Perhaps most importantly, the encapsulation and notion of identity is maintained. You can share data between objects, and that data sharing is reflected consistently in memory. You can implement your MyApp::Resource::YouTubeVideo and MyApp::Resource::Image without worrying about mapping columns, or weird interactions with Storable. That, to me, is the most liberating part of using KiokuDB.
Concrete Example #2: Mixing DBIC into a KiokuDB centric app
On the other side of the spectrum (of our apps, anyway) you'll find data models that are just too complicated to put into a relational schema easily; there are mixed data types all over the place, complex networks of data (we've put trees, graphs, DAGs, and other structures, sometimes all in a single app), and other things that are incredibly useful for rapid prototyping or complicated processing.
This usually all works great until you need an aggregate data type at some point. That's when things fall apart. Search::GIN is not nearly as feature complete as I hoped it would be right now, in fact, it's barely a draft of a prototype. The DBI Backend's column extraction is a fantastically useful hack, but it's still just a hack at heart.
But now we can freely refer to DBIC rows and resultsets just like we can in memory, from our OO schema, to help with these tasks.
One of our apps used a linked list to represent a changelog of an object graph, somewhat similarly to Git's object store. After a few months of deployment, we got a performance issue from a client, a specific page was taking about 30 seconds to load. It turned out that normally only the last few revisions had to be queried, but on that specific cases a pathological data construction meant that over a thousand revisions were loaded from the database and had their data analyzed. Since this linked list structure is opaque, this was literally hitting the database thousands of times in a single request.
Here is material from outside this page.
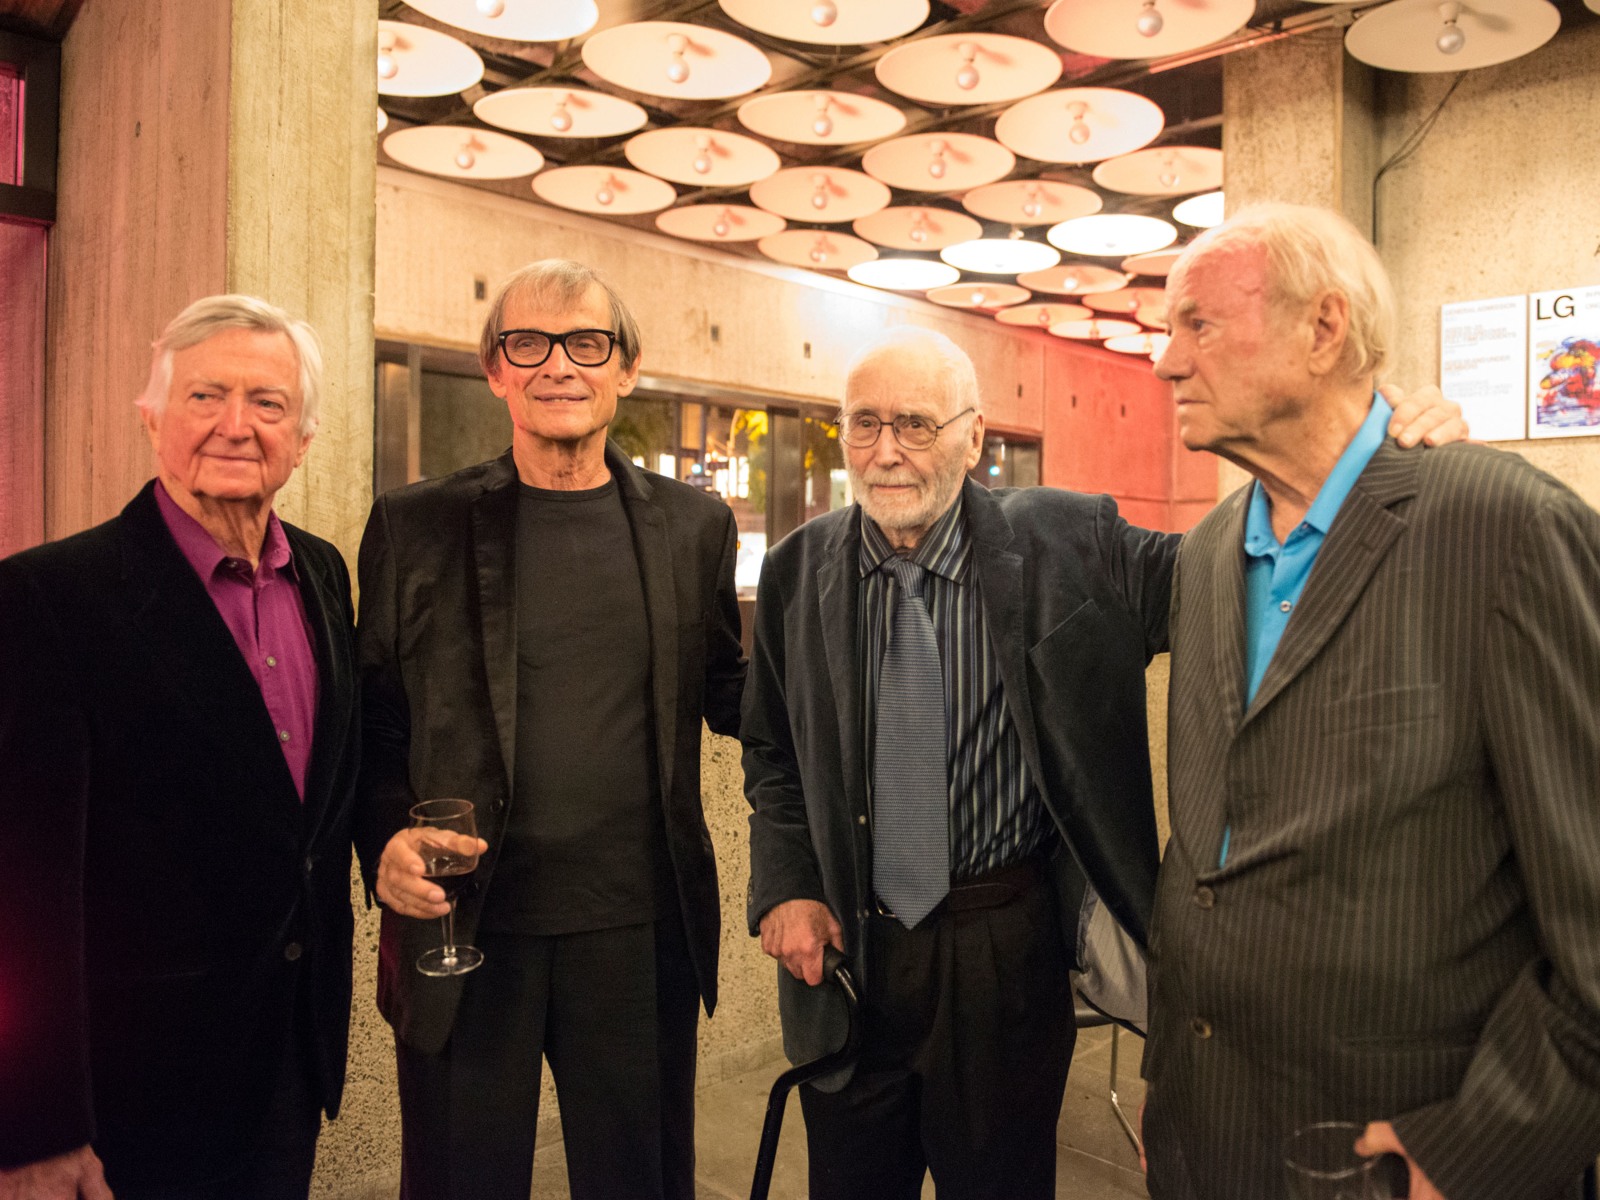 Photographed, from left to right, Jack Youngerman, Charles Hinman, Robert Indiana, and James Rosenquist at the opening of the exhibition Robert Indiana: Beyond LOVE at the Whitney Museum of American Art, New York, September 24, 2013. Photo: Jody Dole

I ended up using a crude cache to memoize some of the predicates, which let us just skip directly to the revision that had to be displayed.
With the new features in the DBI backend I could simply create a table of revision containers (I would still need to store revisions in KiokuDB, because there were about 6 different revision types), on which I could do the entire operation with one select statement.
Conceptually you can consider the DBIC result set as just an object oriented collection type. It's like any other object in KiokuDB, except that its data is backed by a much smarter representation than a serialized blob, the underlying data store understands it and can query its contents easily and efficiently. The drawback is that it requires some configuration, and it can only contain objects of the same data type, but these are very reasonable limitations, after all we've been living with them for years.
It's all a bit like writing a custom typemap entry to better represent your data to the backend. In fact, this is pretty much exactly what I did to implement the feature ;-)
This still requires making the effort to define a relational schema, but only where you need it, and only for data that make sense in a relational setting anyway. And it's probably less effort than writing a custom typemap to create a scalable/queriable collection type.
Conclusion
Though still far from perfect, I feel that this really brings KiokuDB into a new level of usefulness; you no longer need to drink the kool aid and sacrifice a powerful tool and methodology you already know.
Even though DBIC is not everyone's tool of choice and has its own drawbacks, I feel that is by far the most popular Perl ORM for a reason, which is why I chose to build on it. However, there's no reason why this approach can't be used for other backend types.
Eventually I'd like to be able to see similar typemaps emerge for other backends. For example the Redis backend could support Redis' different data types, CouchDB has design documents and views, and riak's MapReduce jobs and queries (Franck's backend is on GitHub) could all be reflected as "just objects" that can coexist with other data in a KiokuDB object graph.